Accordingly, even given the majority’s conclusion that the appellant was denied due process, I would nevertheless affirm in this case as I find that appellant cannot as a matter of law establish the prerequisite for maintaining an action for breach of contract or specific performance. The sufficiency of a complaint for breach of contract and specific performance is a question of law and our standard of review is de novo. See de Vaux, 953 So.2d at 681. Limiting such review to the allegations within the four corners of the complaint, accepting the allegations as true, and considering them in the light most favorable to appellant, it is clear that the parties do not have a valid, oral contract for the reasons set forth herein. As even appellant’s counsel conceded at oral argument, the purchase price and parameters for making payment were not even discussed by the parties until more than two years had elapsed from the time of their purported oral agreement in August of 2004. In light of this, I see no point in remanding this case for the lower court to engage in what amounts to a futile act on these claims.6 See Posigian v. Am. Reliance Ins. Co. of N.J., 549 So.2d 751, 754 (Fla. 3d DCA 1989) (“It would have been an exercise in futility to give Posigian an opportunity to amend her complaint. Where a complaint cannot be amended so as to state a cause of action, a dismissal with prejudice is proper.”).

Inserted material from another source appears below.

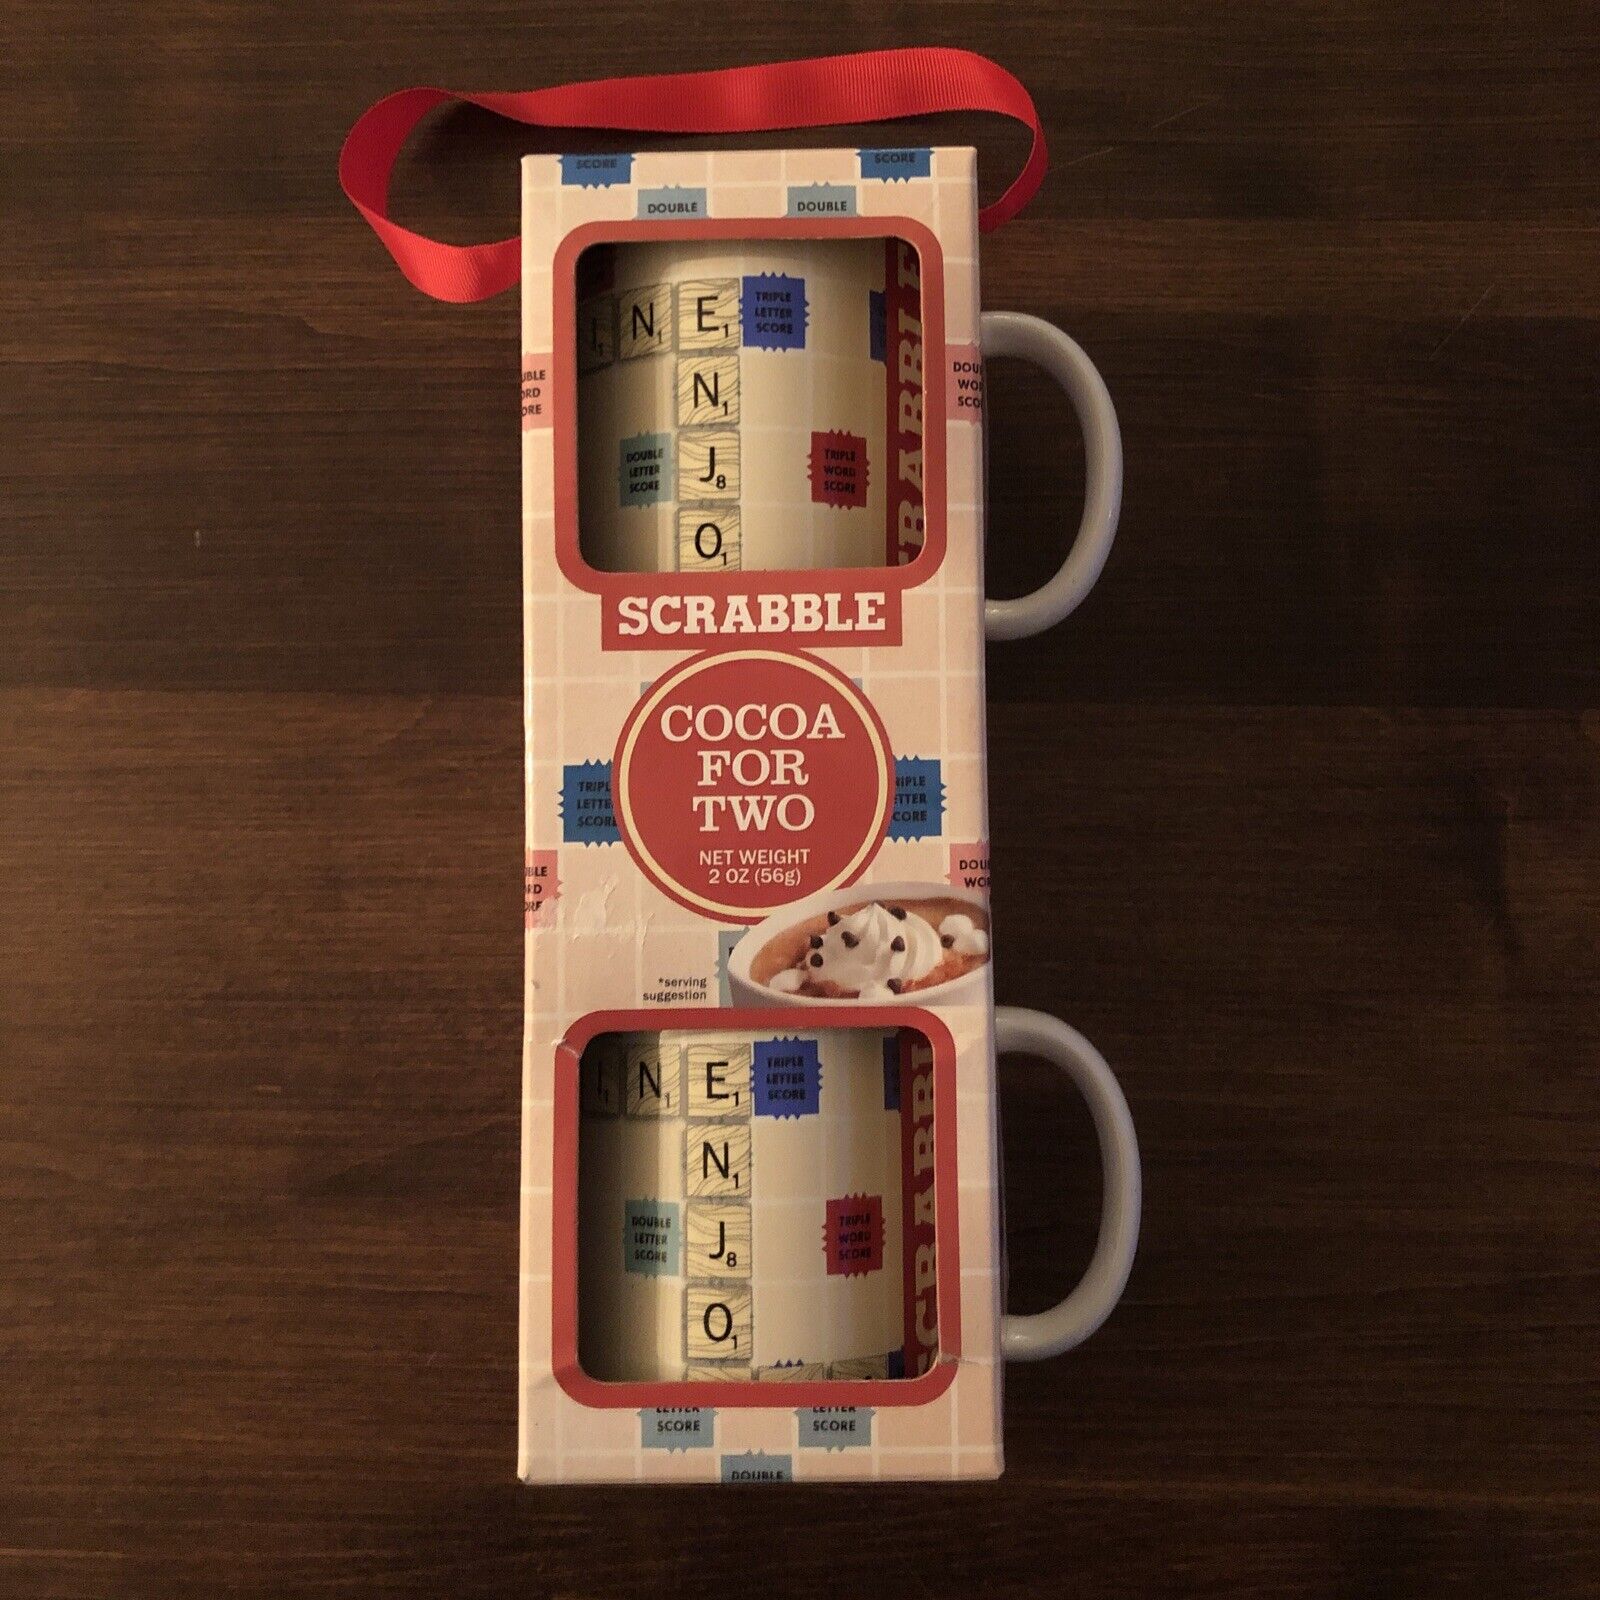 Scrabble Cocoa for Two Boxed Gift Set Coffee Cups Hasbro New Sealed

. Consistent with the counterclaim, appellant’s counsel also confirmed at oral argu*1060ment that appellant was alleging the parties had entered into only one oral contract, in August of 2004, such that appellant’s $400,000 offer in September of 2006 was in fulfillment of that agreement. In addition, though not alleged in the counterclaim, appellant’s counsel represented at the hearing below that the $400,000 was also tendered to the appellee, but rejected.
. At best, appellant has a valid cause of action for unjust enrichment based on the "valuable and permanent improvements” that appellant allegedly made to the subject property upon tailing possession of it. That claim, which appellant raised as count III of the counterclaim, was not addressed in the order on review and remains pending below.